Clinical Trials with Early PI3K Inhibitors in R/R FL and MZL


Expert hematologist/oncologists discuss the use of early PI3K inhibitors in the management of R/R follicular lymphoma (FL) and MZL (marginal zone lymphoma).

Jason M. Melear, MD: A good place to start would be with the agents that have been out for some time and have already been approved. Idelalisib is, of course, the initial 1 we discussed. Duvelisib and copanlisib have also been approved for follicular lymphoma in the last couple of years. You are involved in the trials for a lot of these agents. What’s your general thought process? Maybe we can go through the data of these trials and look at those 3 agents and what got them approved or their follow-up process. We could probably start with idelalisib, the first agent; we have had that agent for over 6 or 7 years. That was a PI3K delta inhibitor that came out several years ago for follicular lymphomas and CLL [chronic lymphocytic leukemia].

Ian W. Flinn, MD, PhD: Idelalisib was an exciting drug to work on. It was the first in its class. As I said, it inhibits the delta isoforms. We were specifically working with the hypothesis that we’re not getting the off-target toxicities. We will talk about it in a little bit. If you inhibit the alpha isoform, you can get problems with glucose metabolism and high blood sugars. Perhaps, when inhibiting the gamma isoform, you will run into problems with T-cell function. The thought of purely inhibiting the delta isoform was of great interest. That entered into a phase 1 clinical trial; I remember doing the original phase 1 trial with that drug. Even at the lowest doses, we saw efficacy across an array of lymphoid malignancies and B-cell malignancies. That was quite exciting, but in the mouse models that were done prior to the development of any of these drugs, the knockout model showed that there’s a problem with autoimmunity. The mice who have a G knockout of the delta isoform of the PI3K develop a colitis, and that was seen with idelalisib. 
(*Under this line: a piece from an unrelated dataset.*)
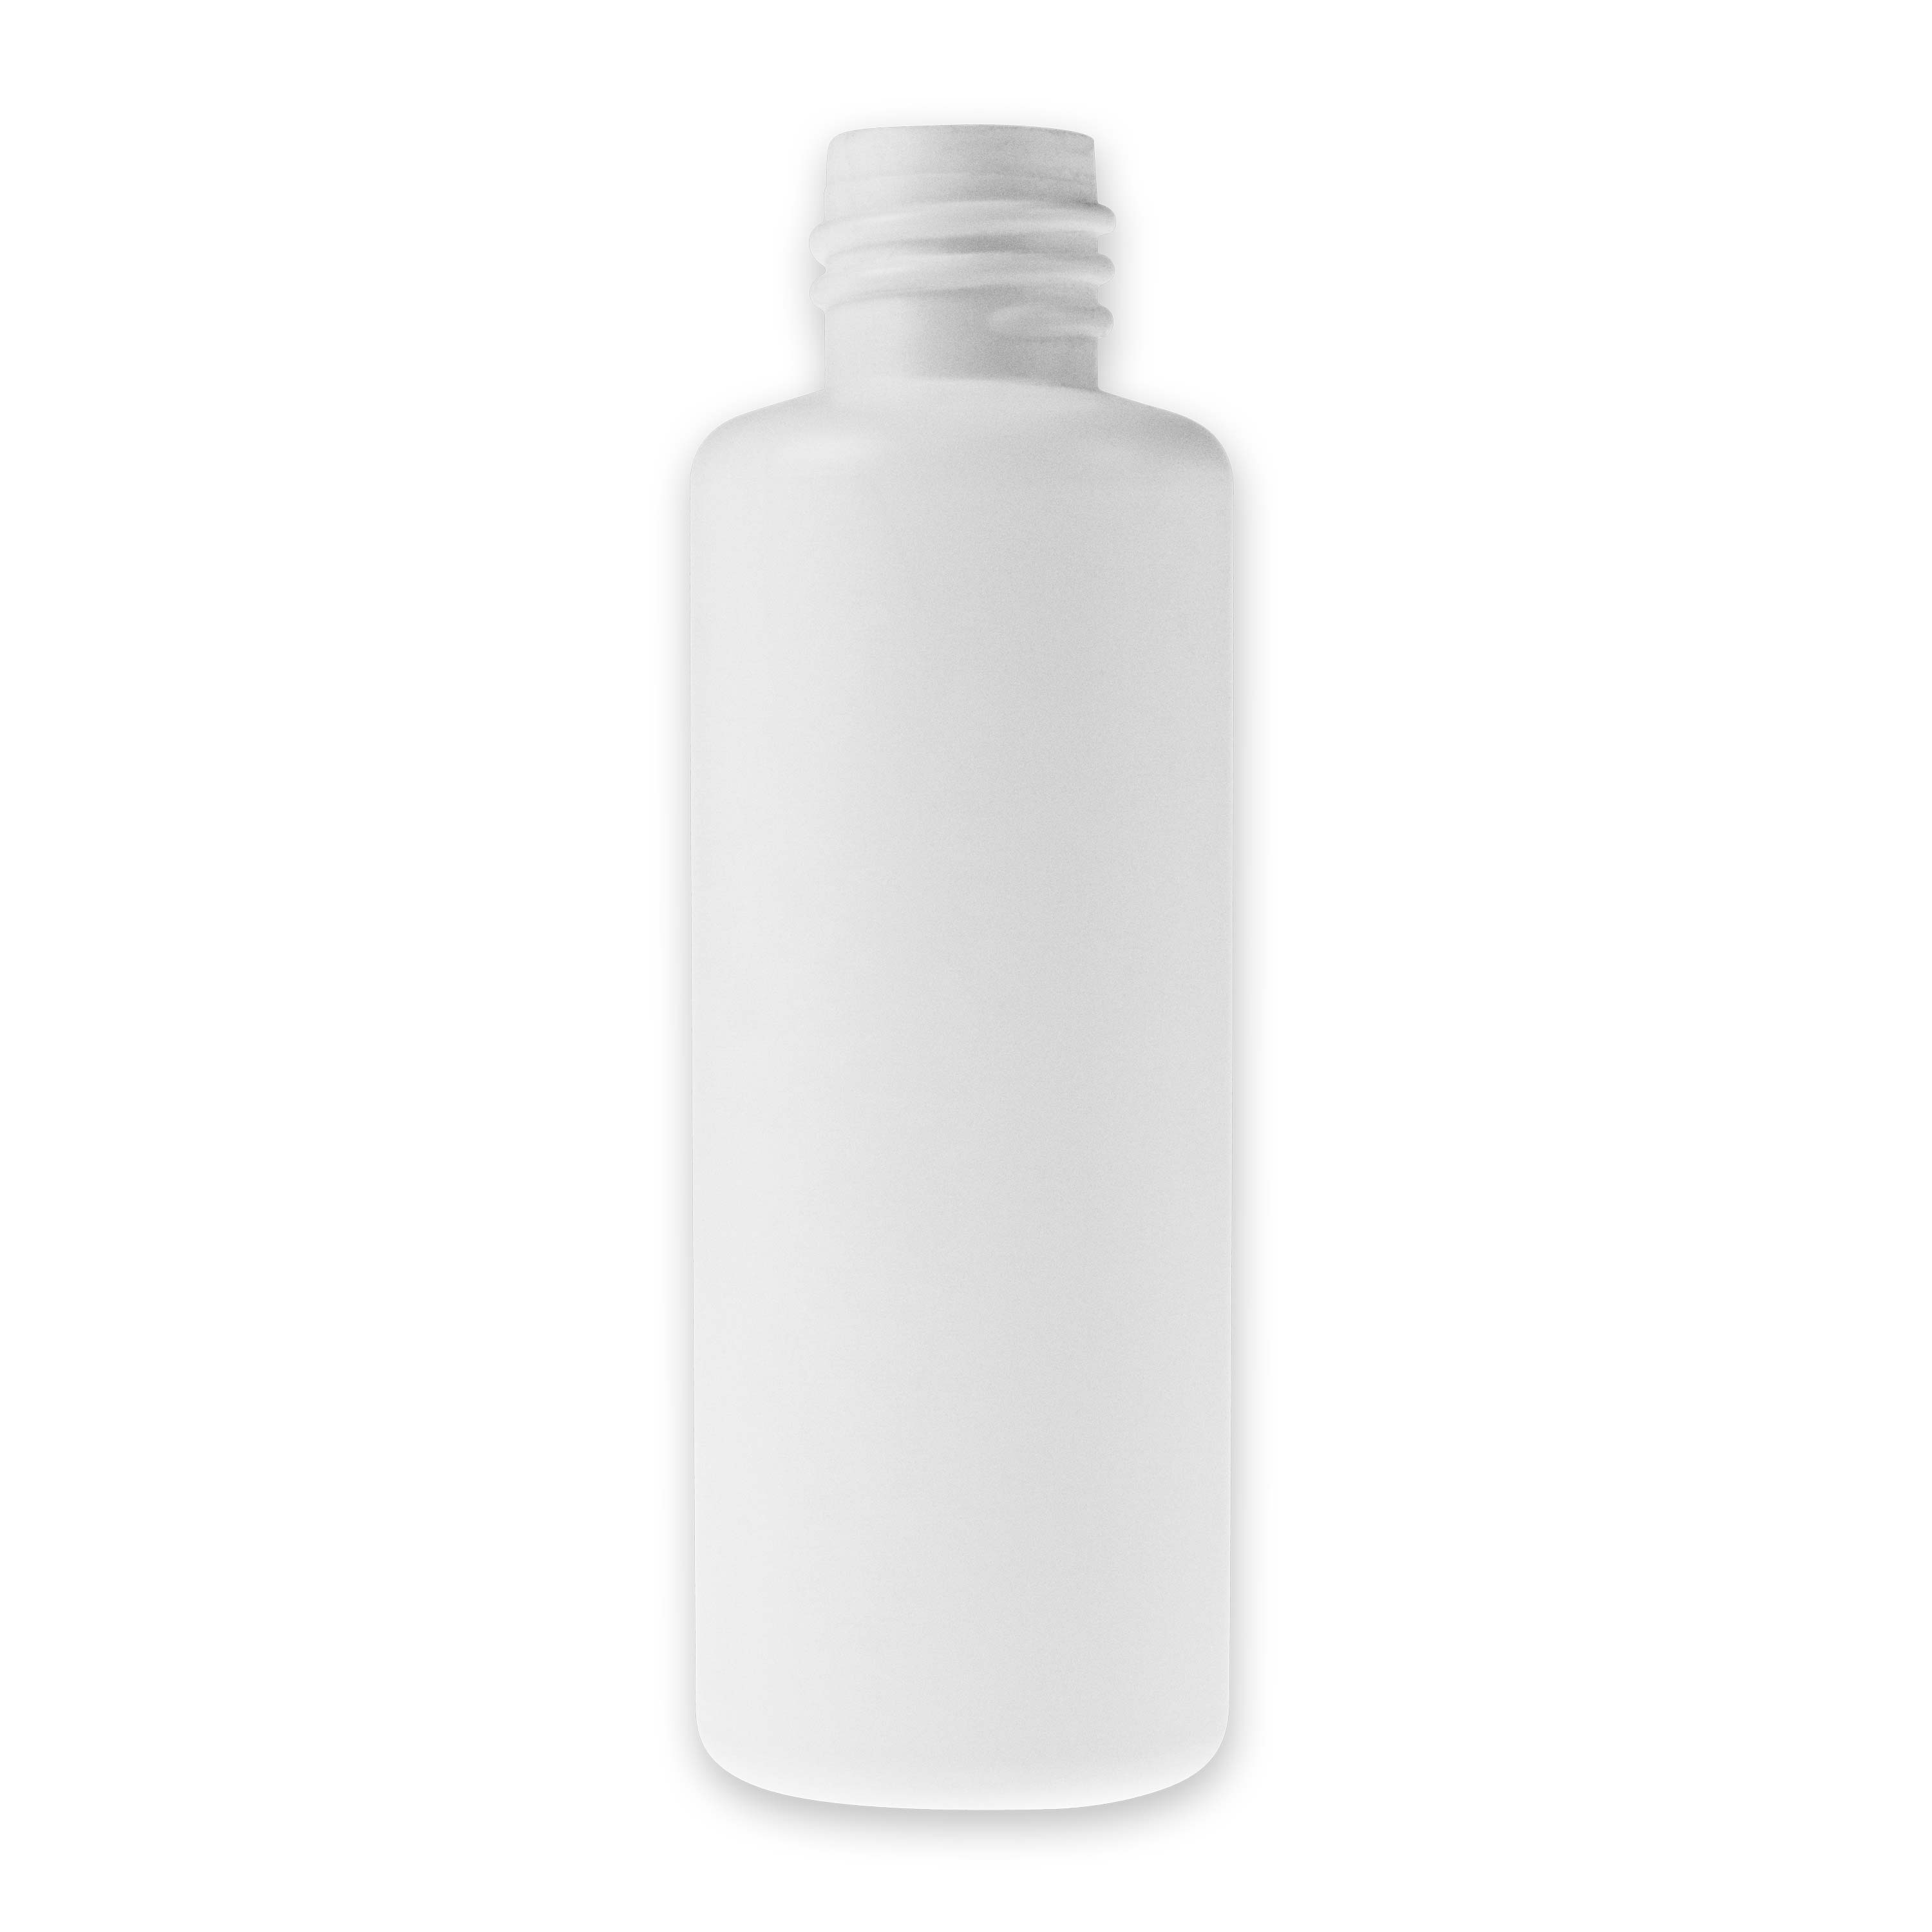 Zylindrische Rundflasche aus HDPE weiß 50 ml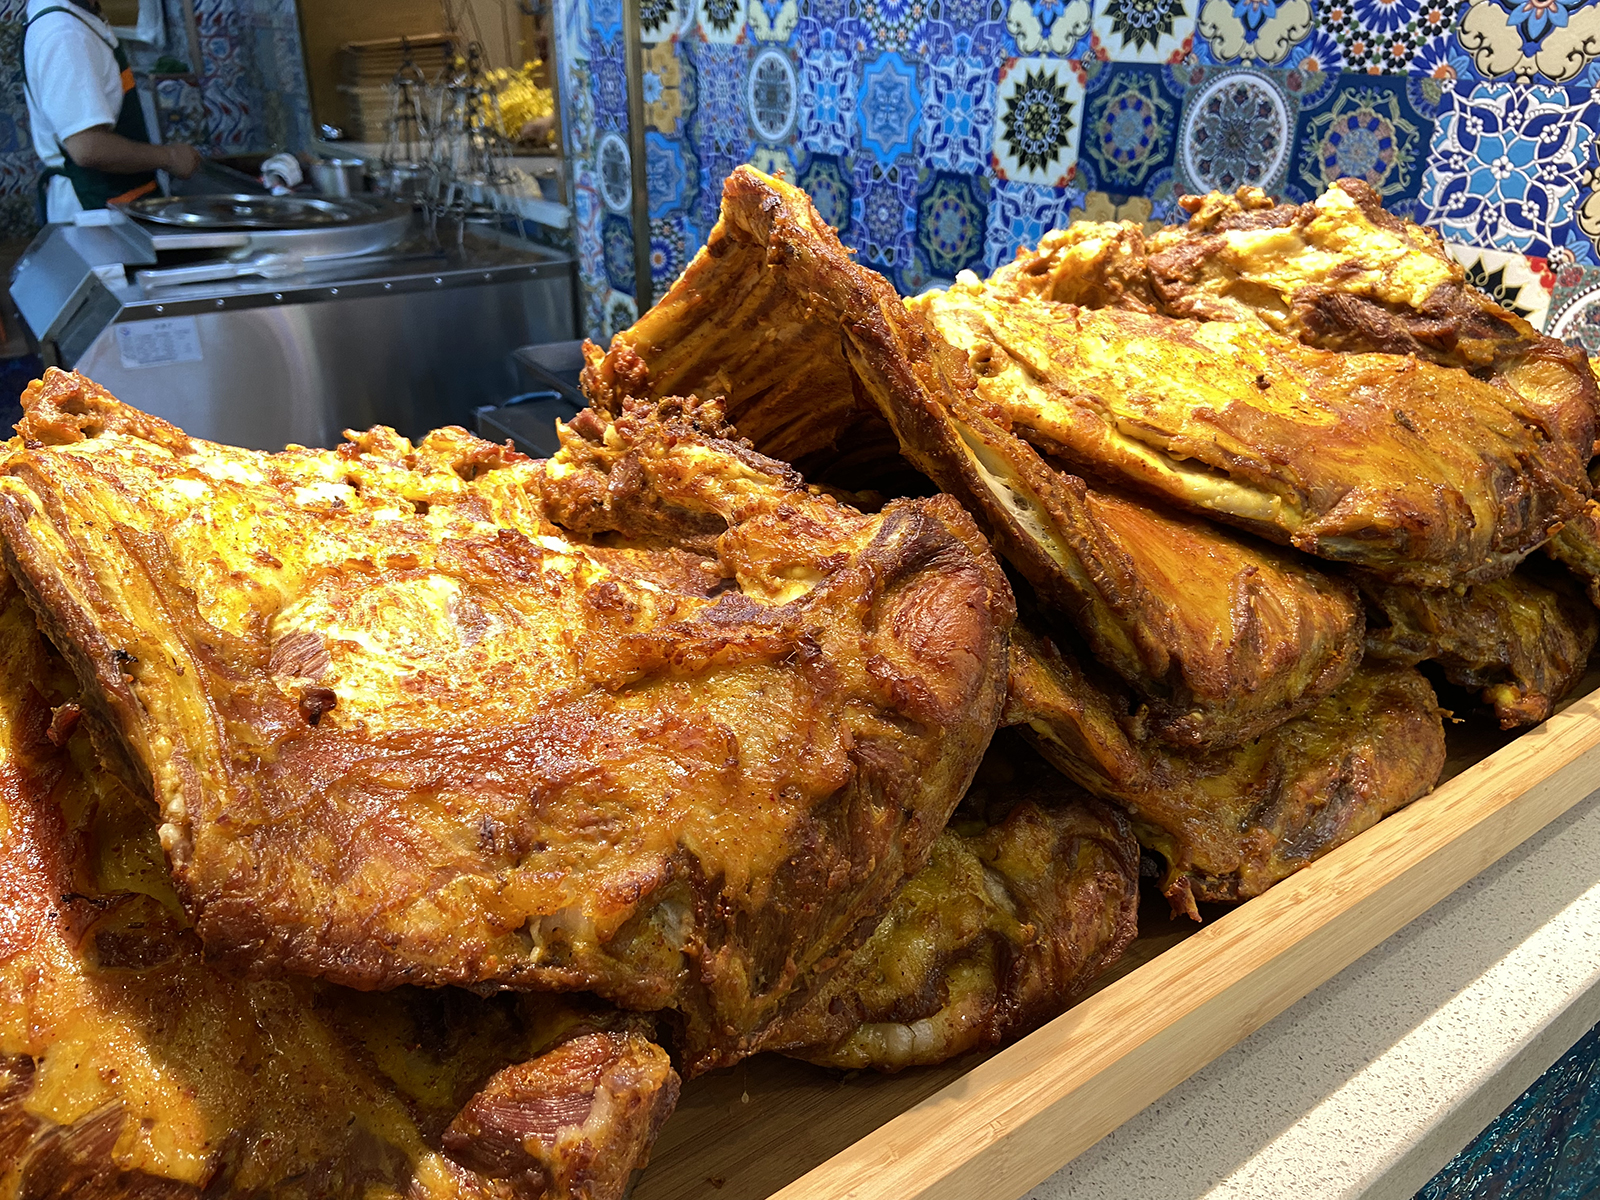 Roast lamb chops are displayed at a restaurant in Xinjiang. /CGTN

Thankfully, such effects do not occur until patients have been on the drug for a while. Usually a late event occurs, but you can get an autoimmune colitis with that. It may often need the same therapies that treat an inflammatory bowel disease, such as oral steroids and things like that. A lot of times, it goes away if you pause the drug. Still, it was an important finding. The other issue we found, early in the development of idelalisib, was a hepatitis that occurred. Patients had an increase in their transaminitis. That was usually very early on, somewhere between 2 and 10 weeks; patients could get an increase in their LFTs [liver function tests]. The good thing is that, while that issue needs to be dealt with by the doctor, the patients did not know that was going on. They did not feel bad with it. You held the drug and you could get the LFTs to calm down. You could usually restart the drug without a lot of difficulty, so that could be overcome.

The bigger issue is the later events that happened with the colitis. That ultimately went into a pivotal phase 2 trial that showed that you can get durable remissions. Approximately half the patients will respond; perhaps a little more than half the patients will respond. You can get durable remissions and progression-free survival for about a year. The long-term fall from that study continues to show that. That is an important part of our armamentarium. I’m curious, Jason, have you used idelalisib? What’s your experience with it?

Jason M. Melear, MD: My experience was pretty good with idelalisib. We had it in trials and even back in the CAL-101 days. We had patients who had multiple treatments go into nice remission with that agent. There was no question about it. It was a very exciting agent, but as you stated, the biggest issue was colitis, which could be significant. Some patients experienced multiple stools a day; we had to put them on steroids. It’s an agent that I had been using until recently. We had some familiarity with it. Certainly, we cannot have issues with the patients, especially since colitis could come on months down the road after they’re doing quite well. With G-abnormalities, as you’ve said, usually the patients don’t know about it: You discontinue it; it gets better. It’s not usually a huge issue. We did see some issues with infections, especially with hepatitis C and hepatitis B reactivations. We especially had it in some early line studies. In the first-line studies, 1 thing that came out of those 2 was it seemed like patients may even do worse the earlier you put it in, because they may experience more issues with immunosuppression, autoimmunity, and more LFT abnormalities. Those trials didn’t get approval there with combinations up front. But overall, it’s something I have been using for patients with multiple relapses, and they have had some really good responses to it.

Ian W. Flinn, MD, PhD: It was a unique finding, the concept that the earlier in the line of therapy that idelalisib was used, you would sometimes get more events. It’s almost a more incompetent immune system. There were problems with that. Others have looked at why that might be. It looks like it has to do with effects on T-regulatory cells. By deleting T-regulatory cells, you get more immune events. There is this balance between immunity and immunosuppression that’s important with these drugs.

This transcript has been edited for clarity.